Ночью кто-то стучался к Вике. Вика зажигала фонарь, подходила к двери, прилагала ладонь к стеклу — вглядывалась в ночь. Неподвижная тень, и в центре — огонек тлеет. Фонарь погасила, отшатнулась, потом увидела: Диаблов. Щеки провалились, глаза дикие, воротник поднят. Беретик, руки в карманах пальто. Испугалась, потом впустила.
— Входи.
Входил осторожно, с опаской переступил порог, озираясь.
— Что случилось?… И дверь, дверь закрой. Дует.
— Ты одна?
— Одна… С Алкой. А что?
Вика напряженно и обалдело смотрела на пришельца.
— Тэк. Извини. За мной следят. Срочно надо было скрыться. Я ненадолго… Извини. Следы заметаю.
— Кто следит? Какие следы? Что за чушь! Ты где-то наследил?
— Увы. Это не чушь. Мне уже угрожали. В письмах. Но ничего. Так просто я не дамся, — вынул из кармана обломок вилки, сжал в красном мерзлом кулачке, сделал короткий выпад ручкой… Потом спрятал. — Не дамся.
Вика стояла, кутаясь в шаль, походила на дрожащую свечу.
— Боже мой, вы все просто с ума посходили… — сказала она с отчаянием. — Кто-то вас разыгрывает. Вы кому-то безголово подчиняетесь, и все тут. Просто посходили с ума.
— К тому, видно, и идет, — ответил Диаблов и, проверив, нет ли в доме засады, попросил ночлега.

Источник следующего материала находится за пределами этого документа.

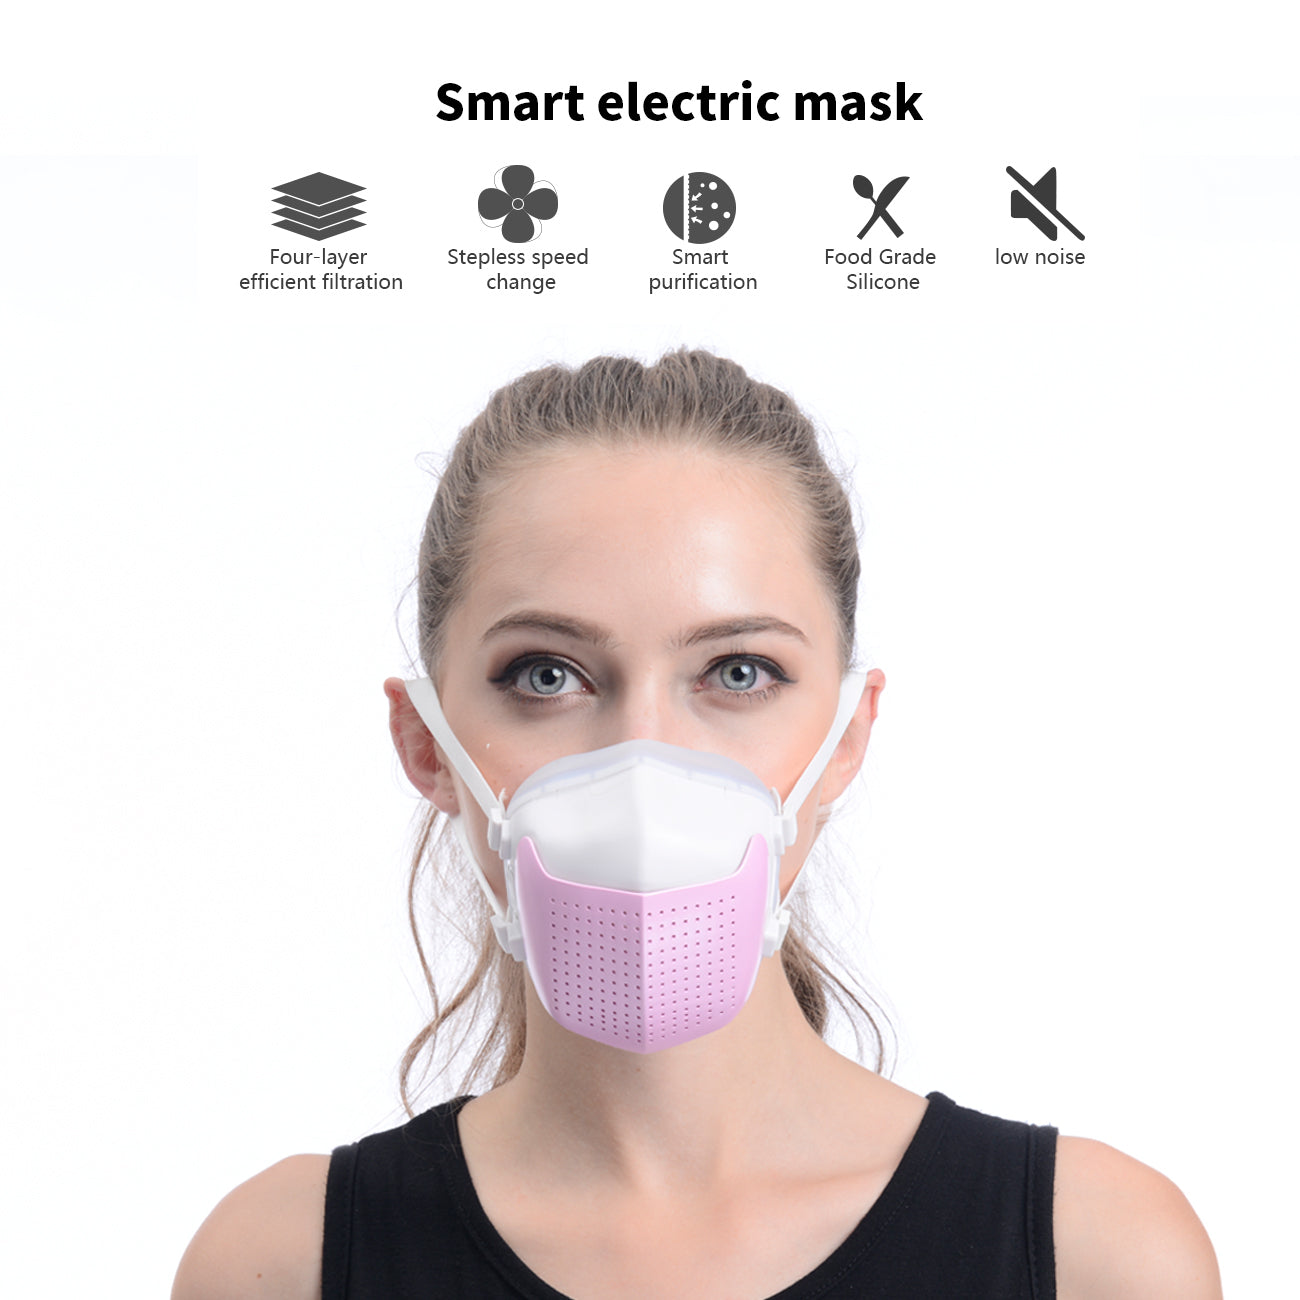 Mask Electric Smart 4-Layer Efficient Filtration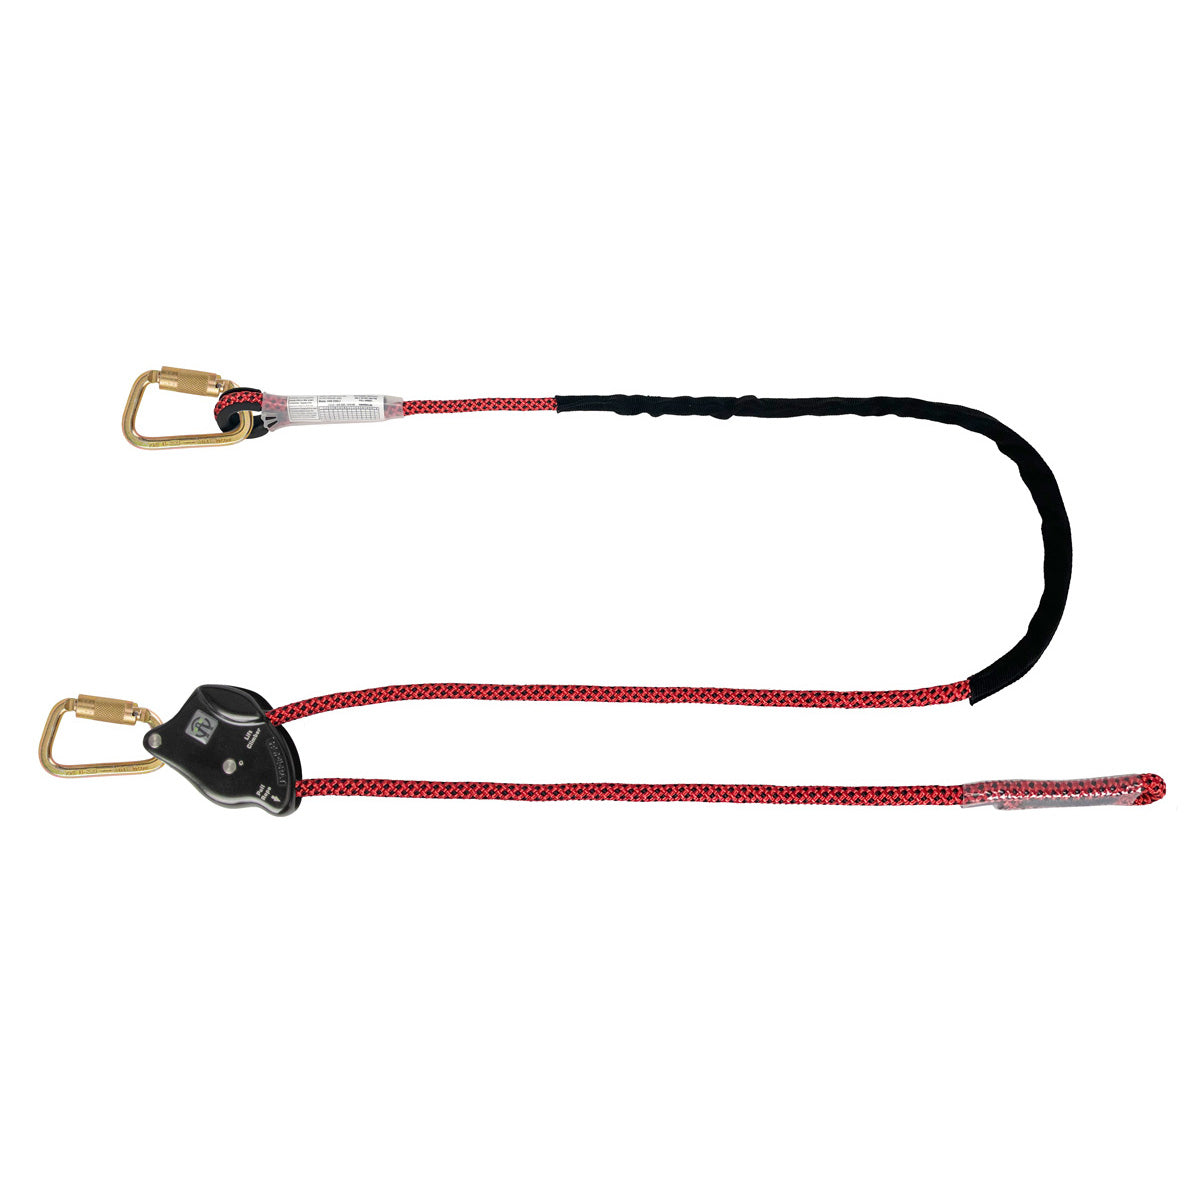 6.5' Rope Positioning Lanyard: Rope Adjuster, Carabiners (B&W)

Из тьмы то и дело всплывали утопленники. То были наши лица. Оплывала свеча в трофейной немецкой пепельнице, лампада потрескивала в углу, слабенькое утро проступало в запотевшем стекле, на пороге спал изнуренный ночным бедствием мальчик, сложив на стуле тонкие ножки. Звали его Стасик-Второй. На шейке мальчика лихорадочно тикала, тарахтела голубая жилка. Никто не знал, как он сюда попал.
Собрание подходило к своему концу:
— Итак, — резюмировал неутомимый хозяин. — Пункт А: развести посты. Тая выходит в 6.30. Следовательно, мы — в 5. Толик! (Толик давно ушел). Ты провожатый. Додик на подхвате. Пункт Б: я с ватагой за рельсами, в засаде. Начеку. Нам фартит — на дворе туман. Дальше…
— А может… подождать? Может…
— Заткнись. Тебя не спрашивают. Дальше: ночью — смена. Подъем — в 6.00. Форма одежды — обычная. Все. Вопросы есть?
— Есть вопросы. А если он начнет драться? Что тогда?
— Поц. На это есть инструкция. Еще одно слово — и ты лишаешься. А поскольку ты много знаешь… то… сам понимаешь… Ты понял?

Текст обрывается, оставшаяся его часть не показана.